A panoramic view of rocky mounds on a rust-colored Martian landscape
The rocks and minerals in Mars’s Gale crater could hold environmental records of the Red Planet’s past. Credit: NASA/JPL-Caltech/ESA/UA

Brownish black and lumpy, manganese oxides aren’t minerals you’d find dangling from a pendant or set in a ring. But what they lack in style, they make up for in significance.

On Earth, scientists consider the drab minerals to be signatures of atmospheric oxygen. When rovers in the Gale and Endeavour craters spotted them on Mars, some scientists even concluded that Mars’s atmosphere must have contained oxygen in the past. However, what’s true on Earth isn’t always true on Mars. And there’s more than one way to cook up manganese oxides.

“Whether the Martian atmosphere contained oxygen in ancient times, whether the oxygen content changed with time—those are all key questions about Mars.”

In a new study published in December in Nature Geoscience, researchers discovered that manganese oxides can form without atmospheric oxygen under Martian conditions.

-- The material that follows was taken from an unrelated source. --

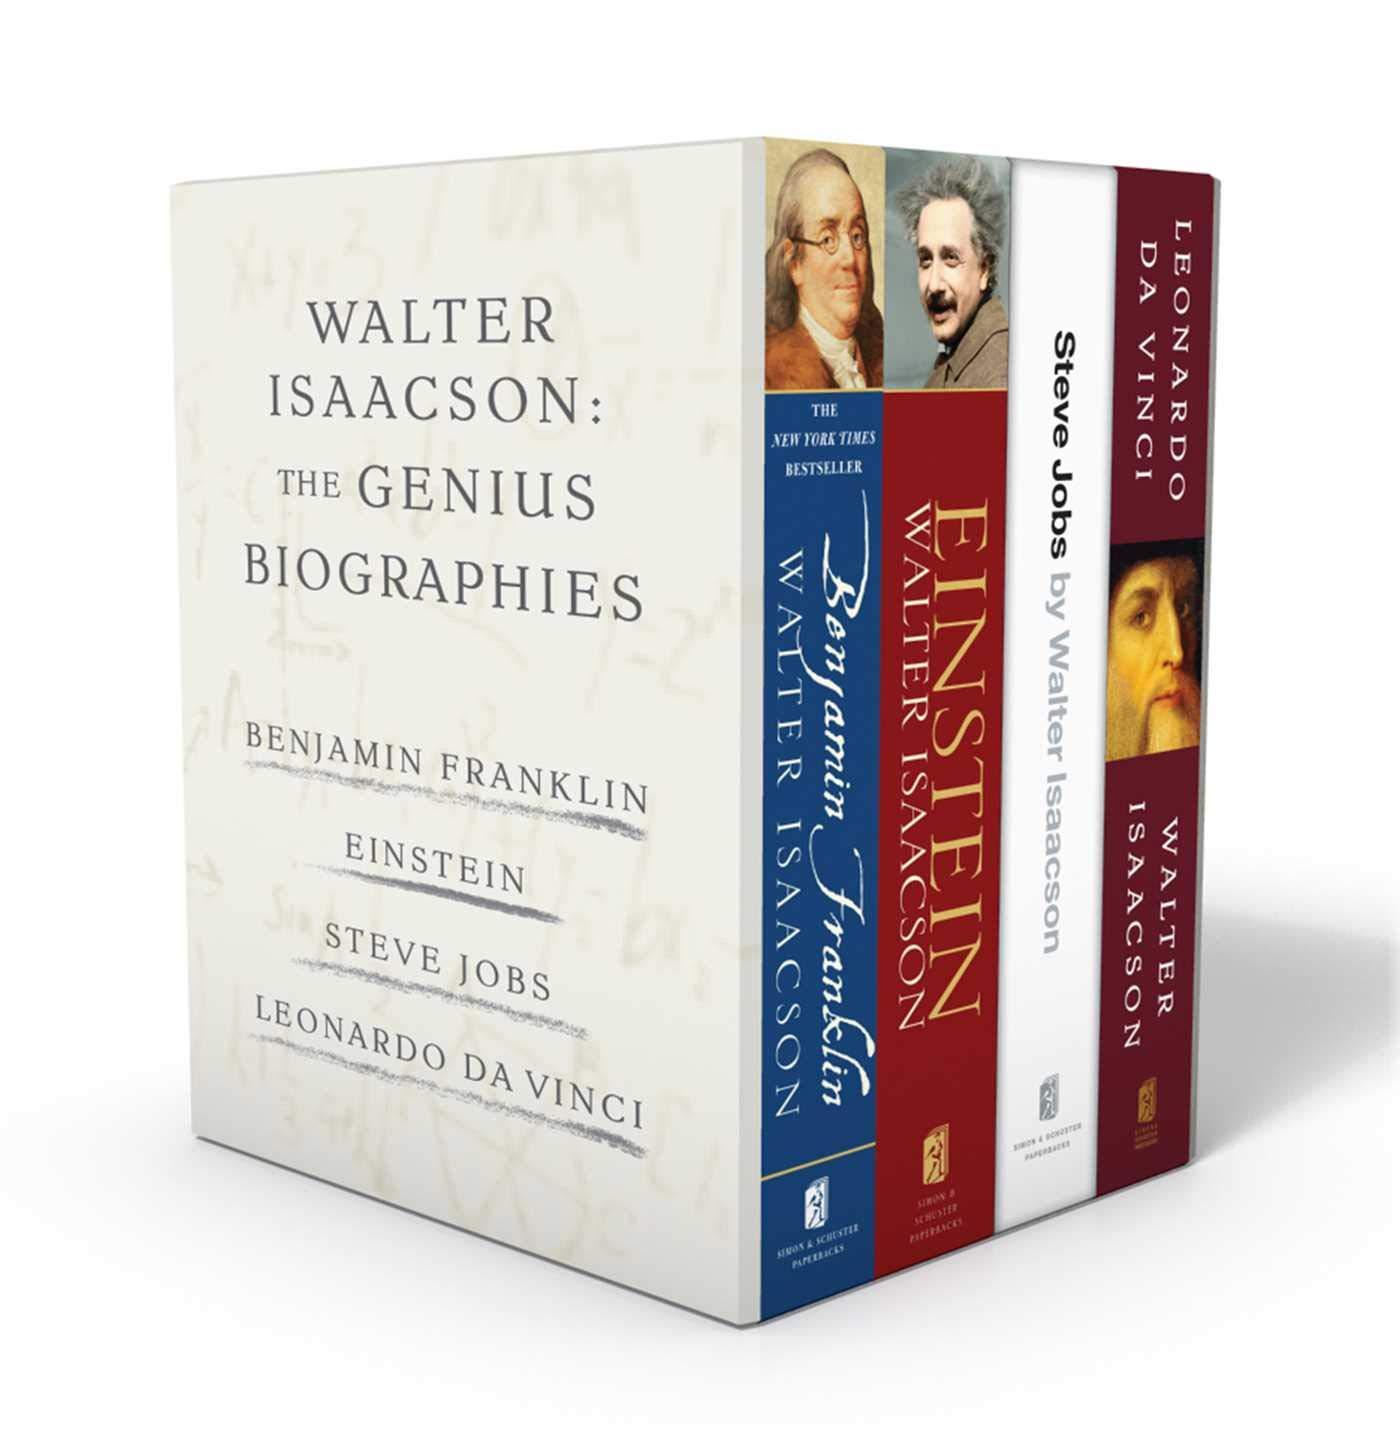 Walter Isaacson: The Genius Biographies: Benjamin Franklin, Einstein, Steve Jobs, and Leonardo da Vinci by Simon & Schuster
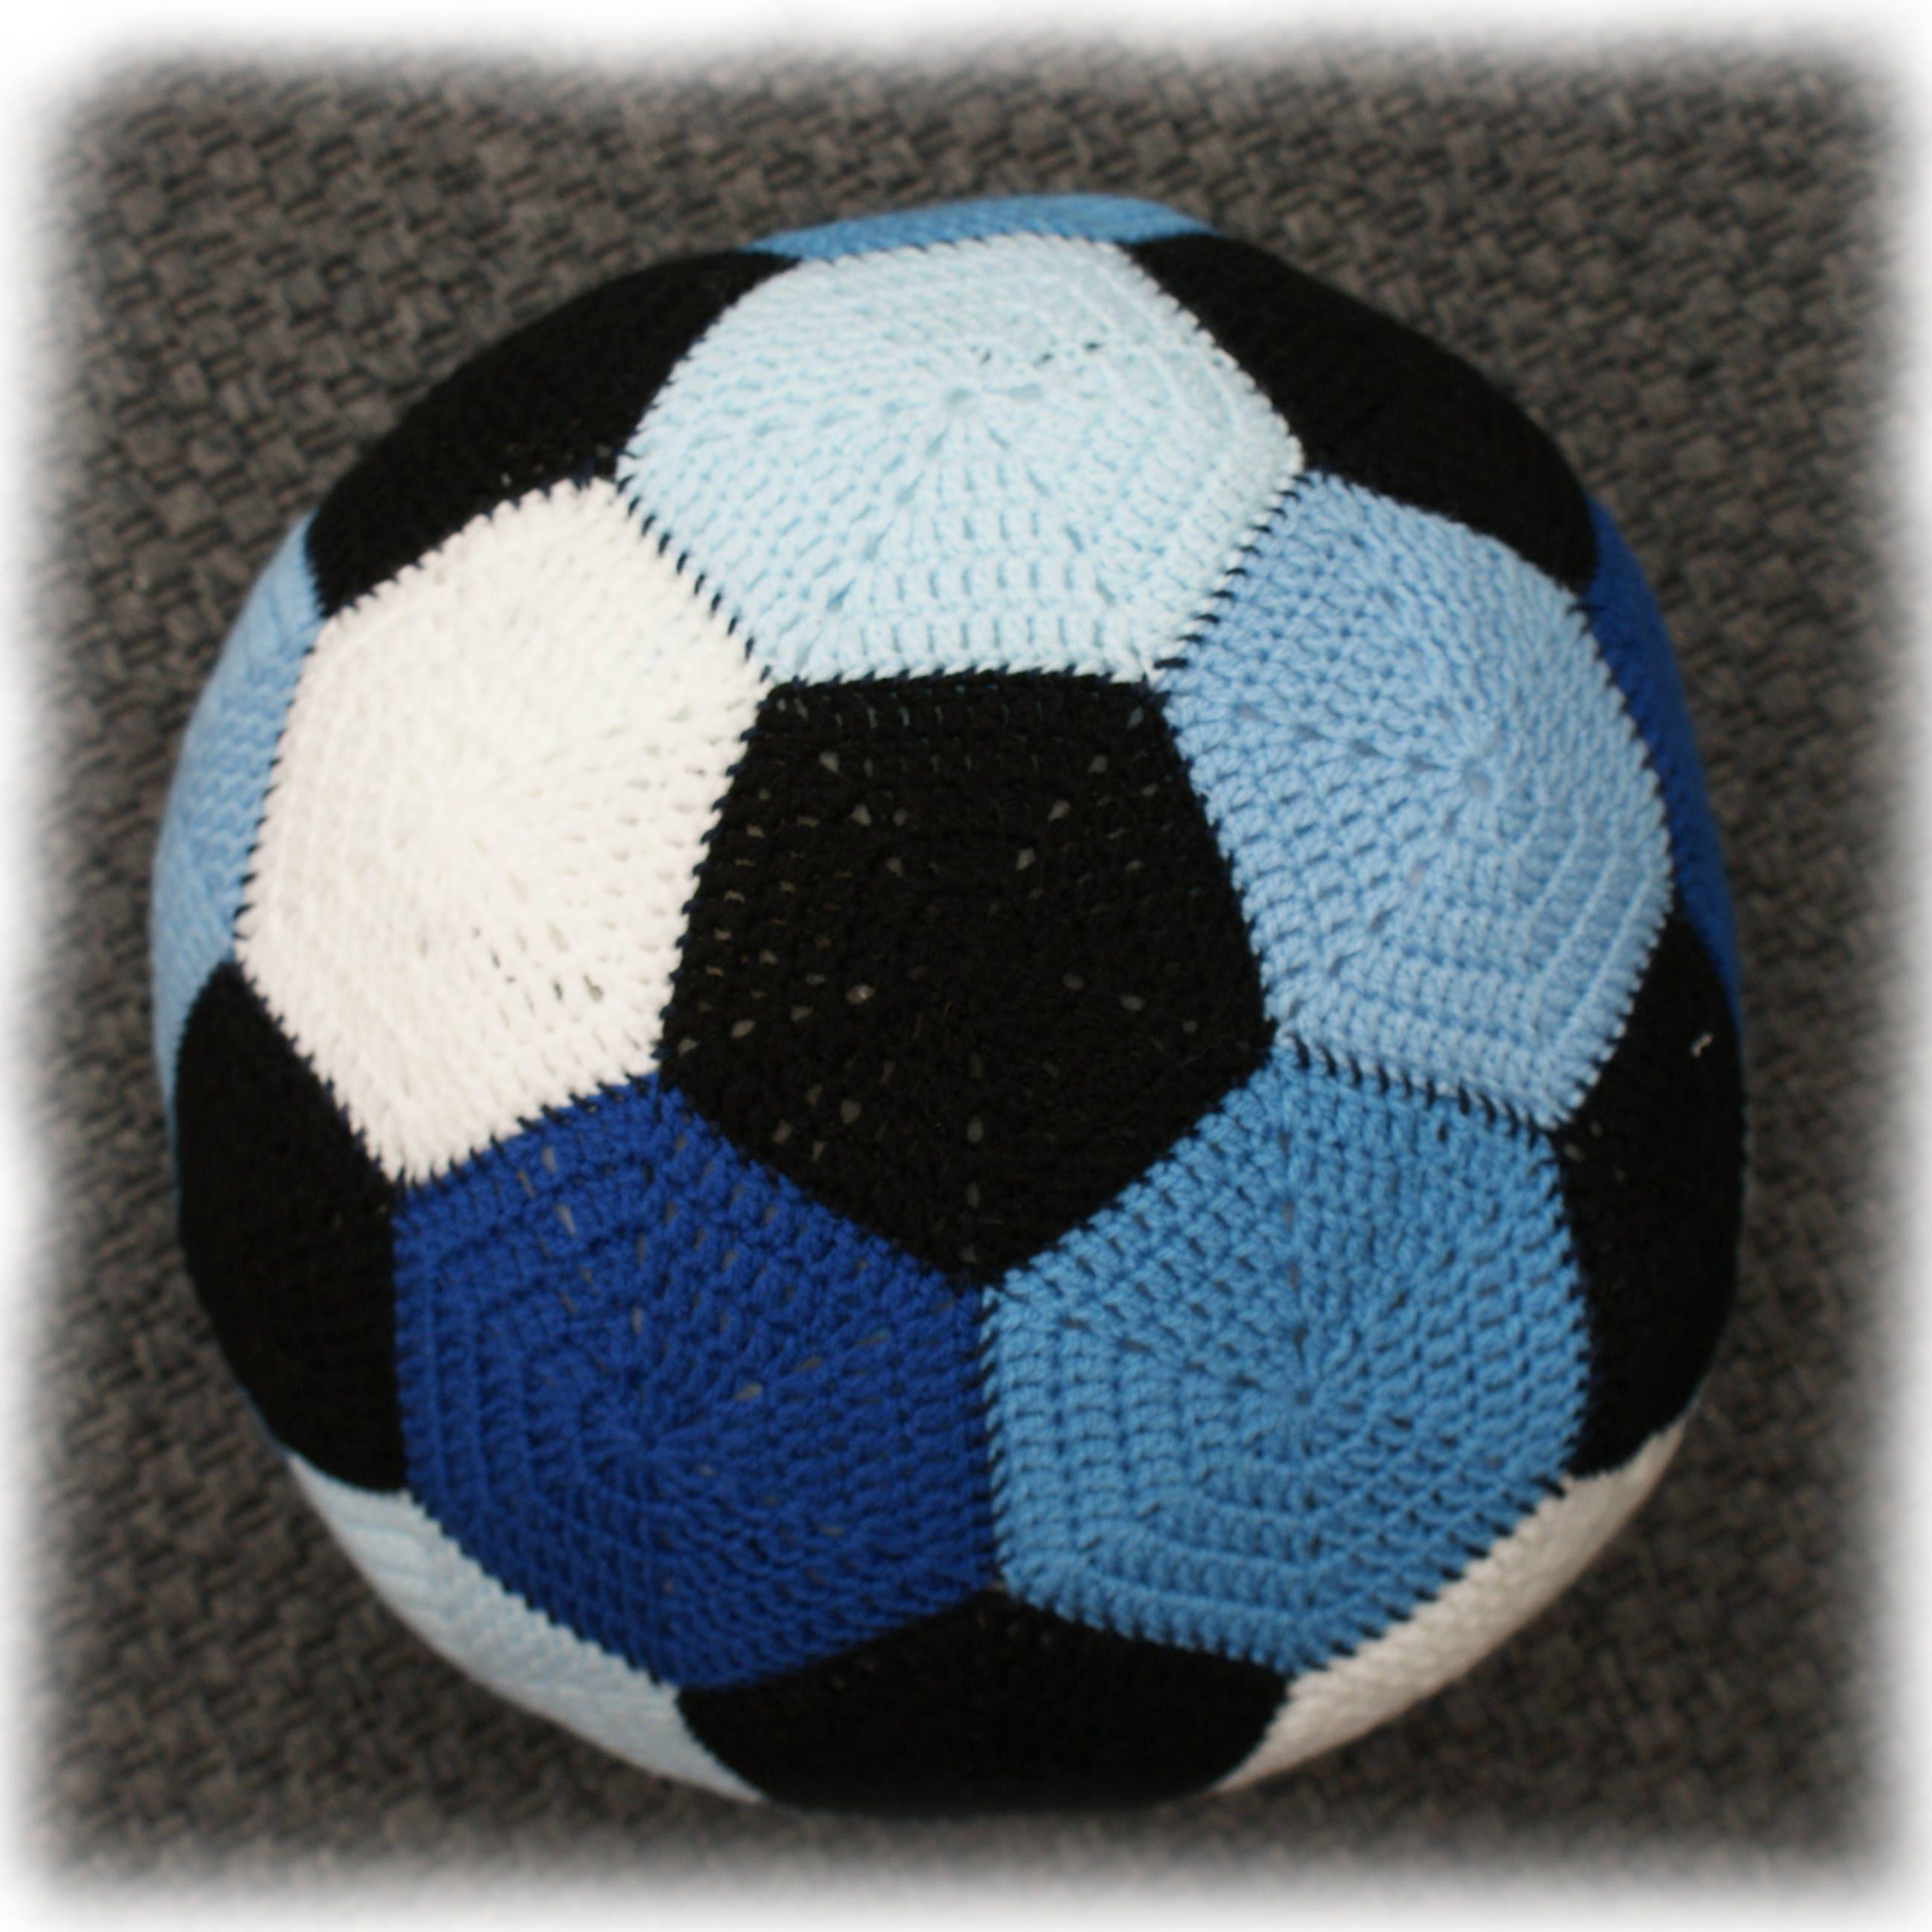 Fine Soccer Ball Crochet Pattern Image - Sewing Pattern for Wedding ...

Using reaction chambers that emulated the acidic fluids of ancient Mars, the researchers discovered that reactions involving chemicals called oxyhalogens, which contain oxygen atoms bound to a halogen like bromine or chlorine, can also produce manganese oxides—and do so even faster than atmospheric oxygen does.

“The experiment presented in the paper is important, because this type of experiment is really missing in the field,” said planetary geoscientist Yang Liu of NASA’s Jet Propulsion Laboratory, who was not involved in the study. “Whether the Martian atmosphere contained oxygen in ancient times, whether the oxygen content changed with time—those are all key questions about Mars.”

To Follow Energy, Read the Rocks

To find alien life, it’s not enough just to “follow the water,” said geochemist and coauthor Jeffrey Catalano of Washington University in St. Louis. Life needs an energy source, too.

“The key way of determining that important part of habitability is by looking at the sediment record, the rock record, and what minerals are there,” he said. “They can tell you about the energy sources that might have been available for life.”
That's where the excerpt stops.